LANDSCAPE REVIEW OF NUTRITION SENSITIVE SOCIAL PROTECTION IN THE SADC REGION 2024

Date Signed
English

In the Southern African Development Community (SADC) Region, child malnutrition poses a significant socio-economic challenge, with six out of sixteen Member States exhibiting high stunting prevalence (20% to <30%) and eight showing very high prevalence (≳30%).2 Further, in sub-Saharan Africa (SSA) only 23% of children aged 6 to 23 months meet minimum dietary diversity and 44% meet minimum meal frequency. 3 Three-quarters of Member States report a prevalence of anaemia in pregnant women exceeding 20%, which is a level of public health concern according to the World Health Organization (WHO). 4 Lastly, being overweight in children under five years is a growing concern with five Member States’ prevalence classified as high. 


Addressing this triple burden of malnutrition necessitates a comprehensive systems approach. Food insecurity, poverty, and undernutrition are intricately linked, with malnutrition serving as both a contributing factor to and a consequence of poverty. Social protection emerges as part of a comprehensive package of multi-system interventions to address monetary poverty and lack of availability of nutritious foods as key drivers of malnutrition. Example programmes include food baskets, cash transfers, and meals through school feeding programmes. These initiatives can be made nutrition-sensitive by explicitly integrating nutrition-related objectives, targeting the most nutritionally vulnerable and acting as platforms for additional multi-sectoral nutrition-specific interventions.


AIM AND OBJECTIVES
This study aimed to identify gaps and assess opportunities within existing policy and programmes for nutrition-sensitive social protection in the Region. By focusing on these opportunities, the study looked to showcase case studies of Member States that are making progress in this aspect and provide comprehensive recommendations covering policy, governance structures, implementation, and monitoring and evaluation to support the scale up nutrition-sensitive social protection. This approach is designed to strengthen support for enhanced nutrition outcomes for women and children.

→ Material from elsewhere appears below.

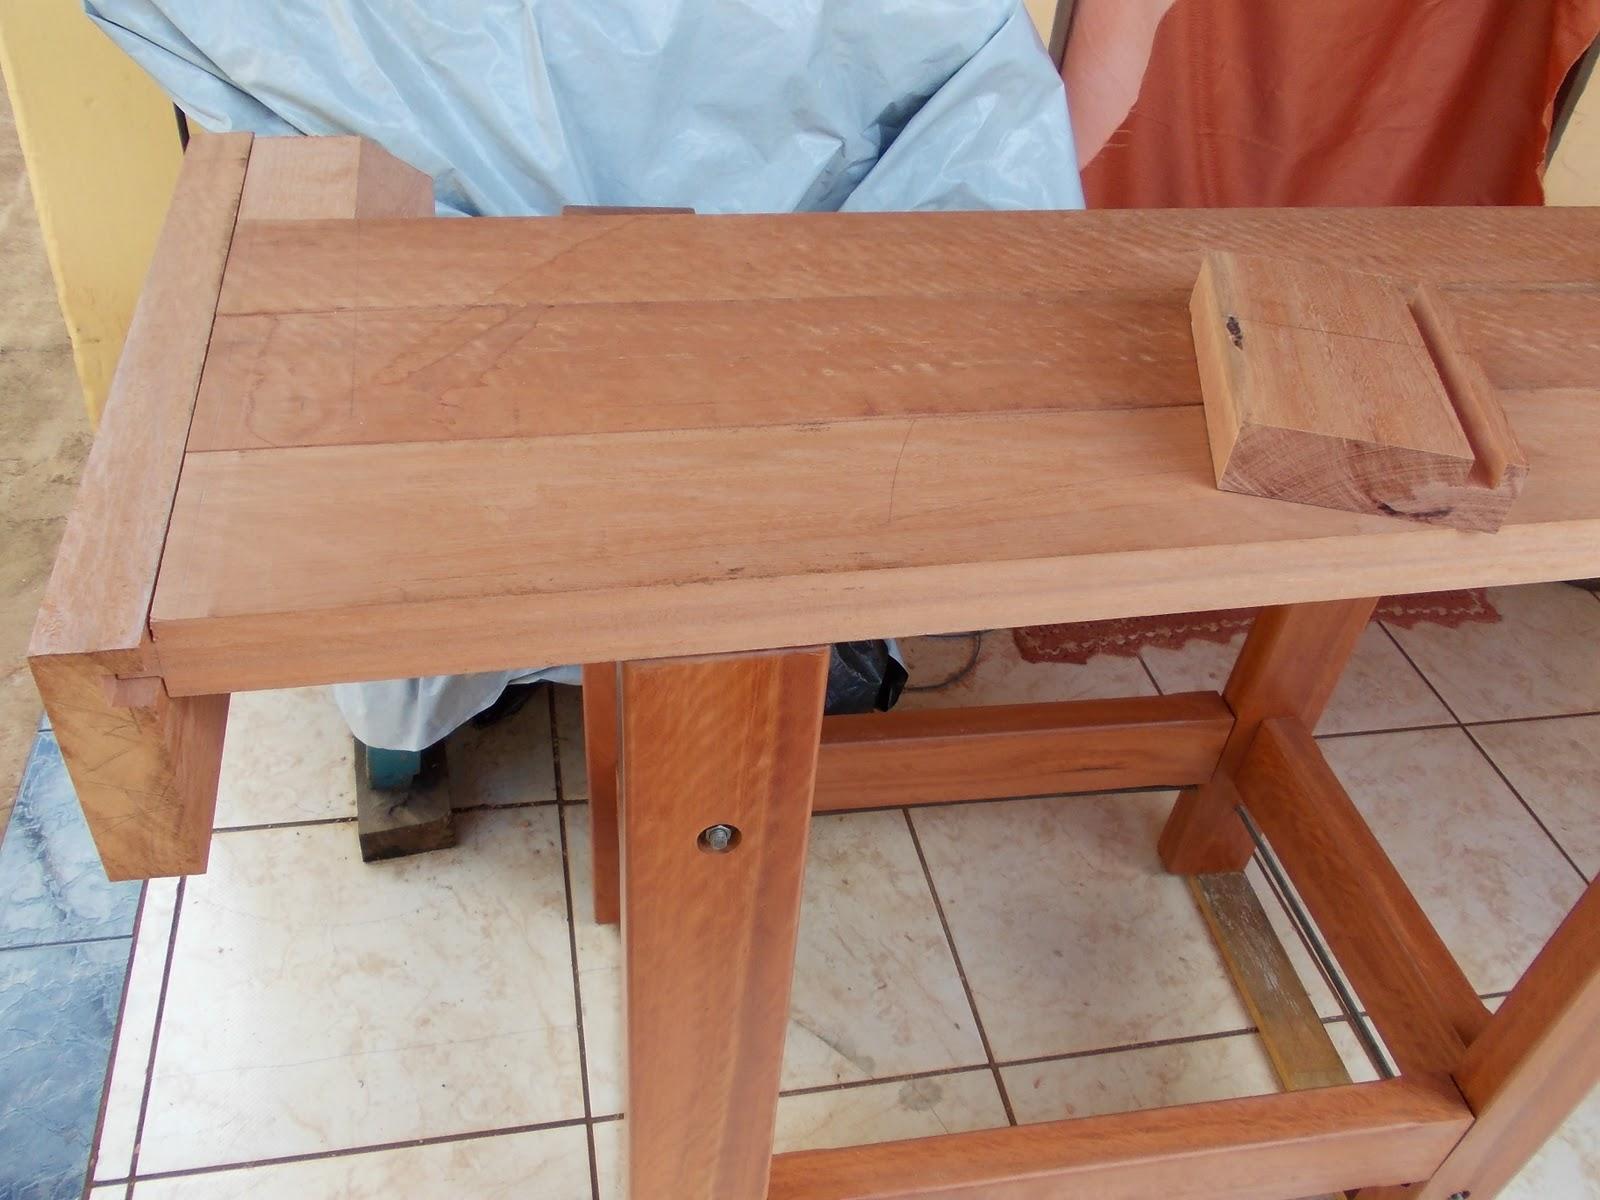 Com a aplicação da seladora a madeira já mostrou um tom muito  #833F28 1600x1200

Specific objectives included:
1. To provide an overview of the state of nutrition-sensitive social protection policies and programmes in the SADC Region across policy, governance, financing, programmes, and monitoring and evaluation.
2. To identify the most positively impactful maternal and child nutrition indicators and/or promising social assistance programmes reaching nutritionally vulnerable groups across the SADC Region, with a focus on gender-responsive and inclusive approaches and the supporting governance environment in which they have been embedded.
3. To identify innovations in the design, implementation, and monitoring of nutrition-sensitive SPPs in the SADC Region.
4. To determine feasible options for scale-up and dissemination to improve policy and programme design and implementation by embedding both nutrition-specific and nutrition-sensitive interventions into policies and programmes.